Wednesday, October 3, 2012

Is Cleanliness really next to Godliness?

“Cleanliness is next to Godliness”-Gandhi.


Scene: The street near my home at 8am                                                                                                                             

It was the morning that followed the end of the Ganesh Festival. The high decibel revelry had lasted till late night. Generous devotees and savvy vendors had worked hard to ensure that no one in the huge crowd of revellers went hungry or thirsty. Now, the streets were littered with paper trays, plastic cups, and partly eaten food. Foraging strays and flies had begun their feast. The sun was  up and the sickly smell of spoilt food had set in. The sanitation staff had just arrived and, accustomed as they were to dirt and grime in their jobs, even they looked shellshocked.

It was a disgusting sight; and that was putting it very mildly.

Somehow, civic consciousness and public celebration of faith seem to be mutually exclusive. Some months ago I travelled with my family from New Delhi to Amristar. We were booked  in an airconditioned coach and   looked forward to a comfortable, uneventful  journey. We were quickly proved wrong.

To begin with, our coach was dirty. Again, that was putting it mildly. Debris from the preceding journey still littered the floor. The rubbish bins kept near the wash basins at both ends of the coach were overflowing. The magazine pouches in front of the seats were stuffed with empty snack packets, soft drink cartons, paper trays and aluminium foils. As if this was not enough, a pair of well fed rats scurried around nibbling at the discards lying on the floor.

Also travelling in our coach was a  group of  pilgrims returning home after a trip to Gujarat. By all accounts they were a well-to-do lot and worldly wise. Thus, what followed came as a disappointment.  As soon as the train pulled out of New Delhi station, they got down to giving a remarkable display of the famed Indian hospitality and the very Indian disregard of civic sense. The group treated everyone in the coach to fruit juice, rosogollas, hot kachoris, kulfis, fresh fruit and assorted savouries. One item was followed by the next without a pause or giving an opportunity to refuse. (It also completely demoralised the in-train catering staff which retreated to the pantry car and remained there till the journey ended .)

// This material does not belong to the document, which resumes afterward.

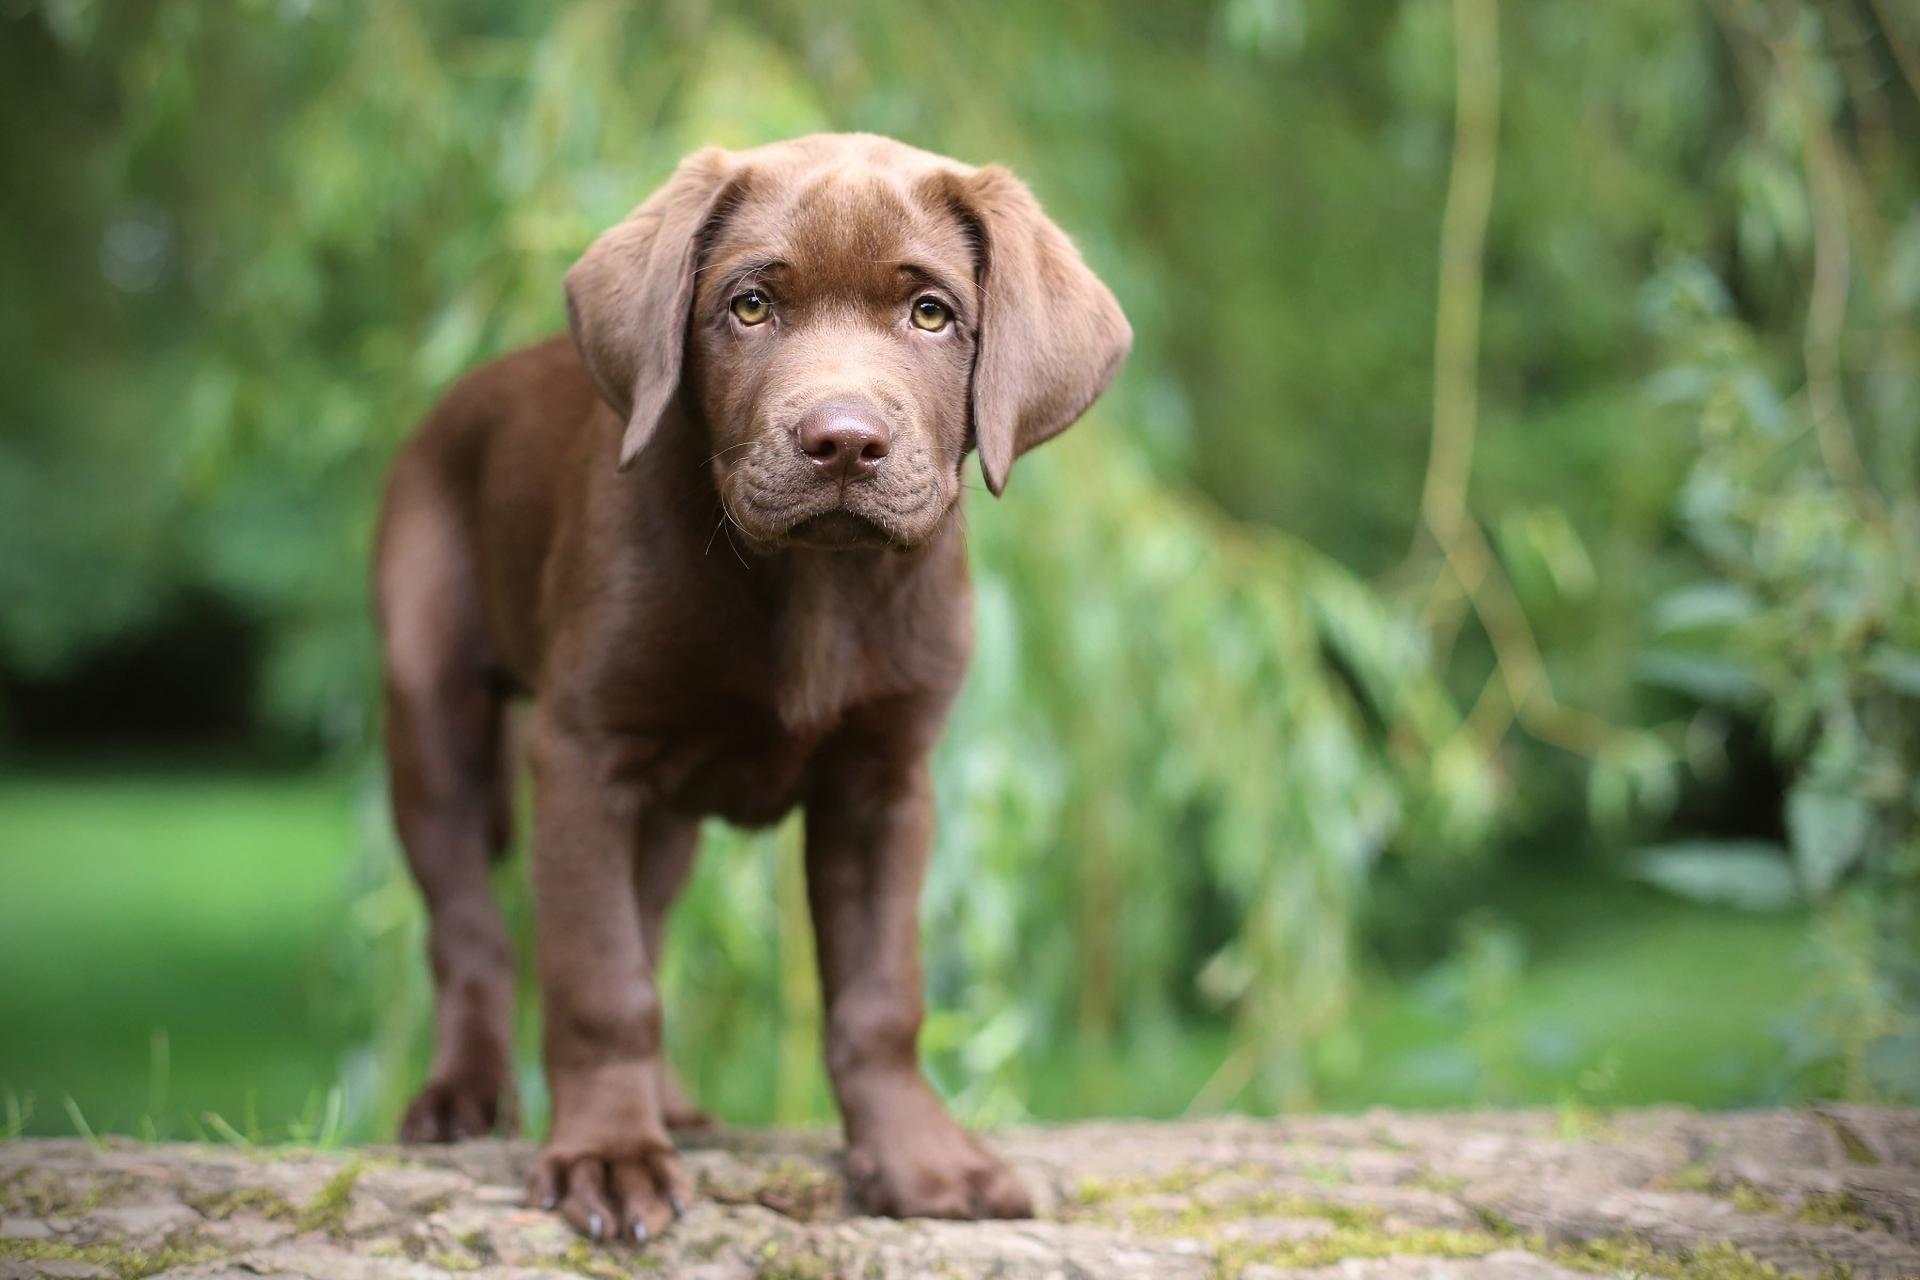 Chocolate Lab Puppy Wallpaper Background Image. View

This went on for the better part of the journey. Very soon, more plastic cups, paper trays and partly eaten foodstuff were being added to the mess that on the floor. It was a distinctly unappetising sight. One thought came to my mind: couldn’t our hosts have ensured that the leftovers and waste were collected in plastic bags disposed off at one of the stops? Surely, they could not have failed to notice the condition of our coach. As they were the ones who were serving, the least they could have done was to make sure that the mess did not get worse.

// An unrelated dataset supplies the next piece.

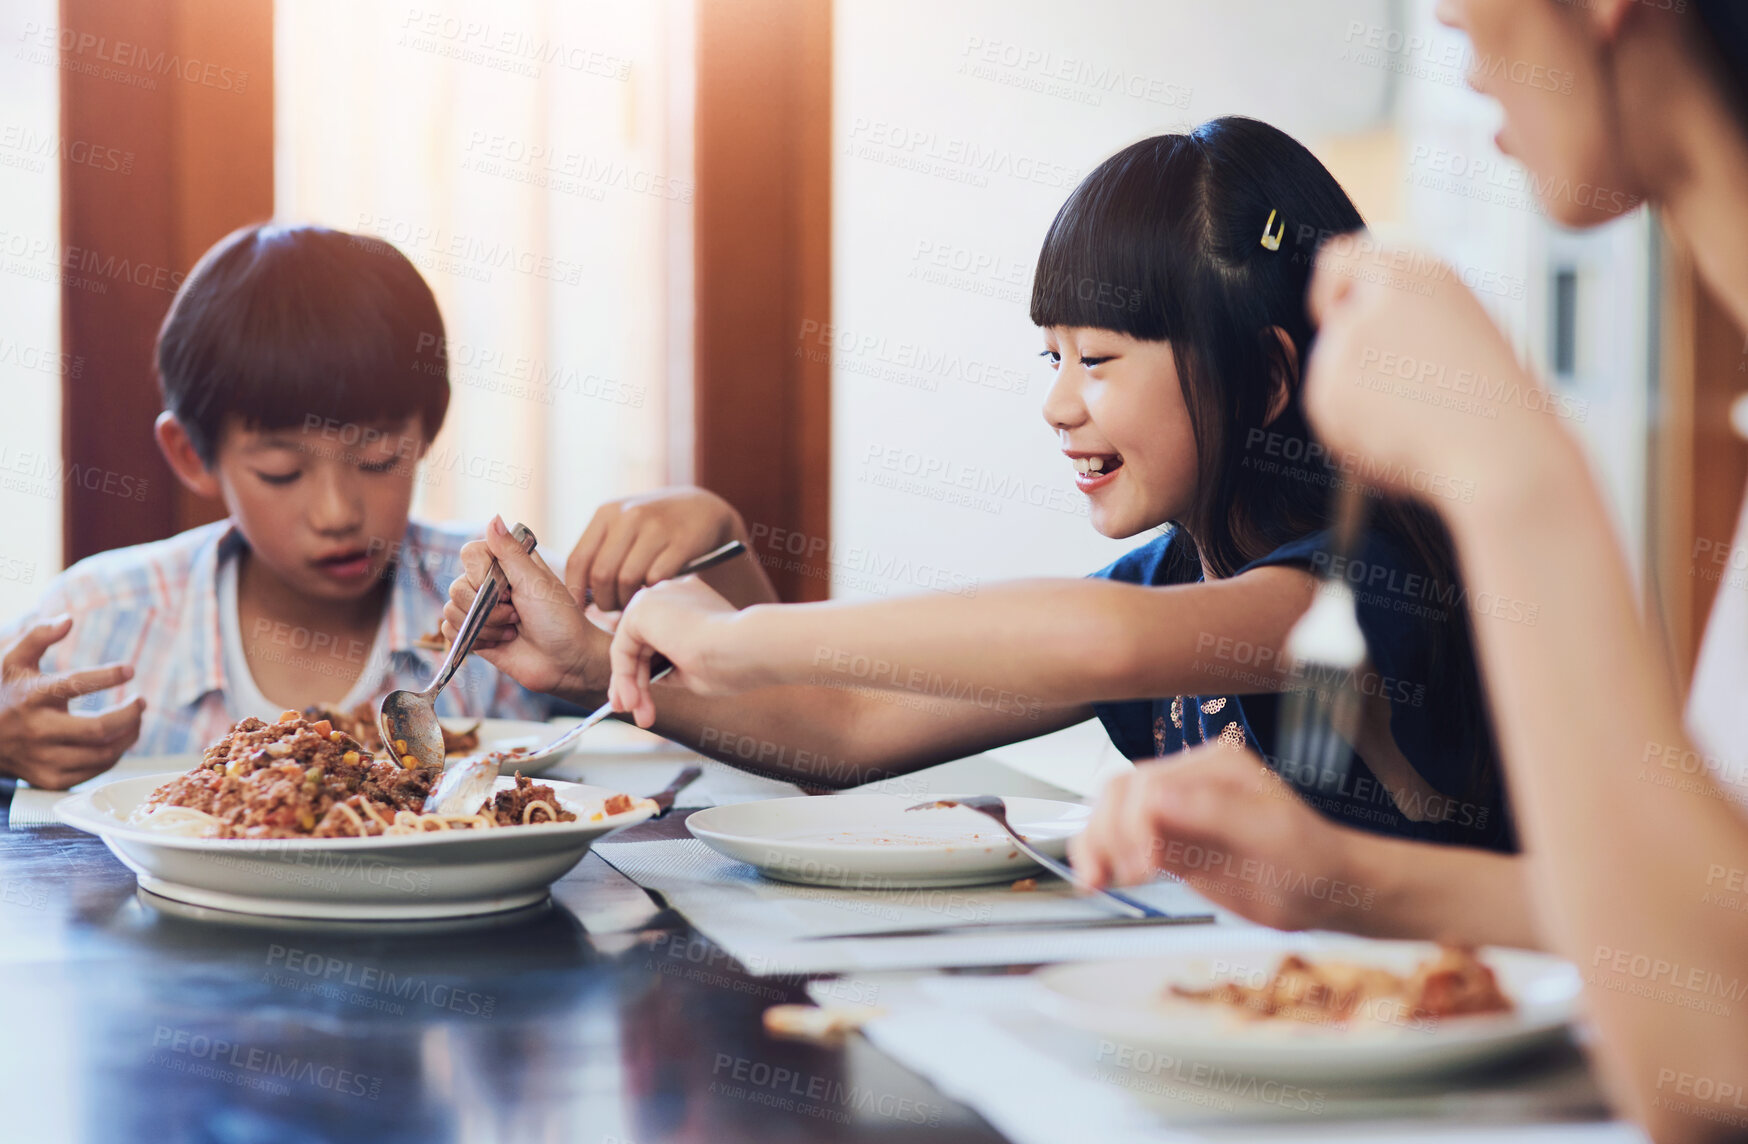 Buy stock photo Shot of two little children enjoying a meal with their mother at home

The Golden Temple complex in Amritsar is run by an army of dedicated volunteers who consider it a sacred duty to work there. The kar sevaks- as the volunteers are called- look after the footwear of the visitors, keep the premises clean, keep the pond steps dry, serve water, work in the kitchens, serve langar, wash the dishes. In short, any work that is needed is willingly performed by a kar sevak.

Sadly, this sense of duty does not extend beyond the compound walls of the Golden Temple. The streets outside the Golden Temple complex are chaotic and dirty. Amritsar’s street food has a passionate global following and the crowds that throng the narrow roads in the evenings must be seen to be believed. It is great for commerce. It is also a public hygiene disaster. Cannot the Golden Temple authorities use their considerable influence and resources to bring about a change for the better?

A few days later, we reached Chandigarh in time for Hanuman Jayanti. Well-to-do worshippers of Lord Ram’s Supreme Devotee made and distributed Prasad in large quantities. The minor necessity of providing waste containers seemed to have escaped their attention and the neighbourhood looked every bit as dirty as the New Delhi-Amritsar Express a few days earlier.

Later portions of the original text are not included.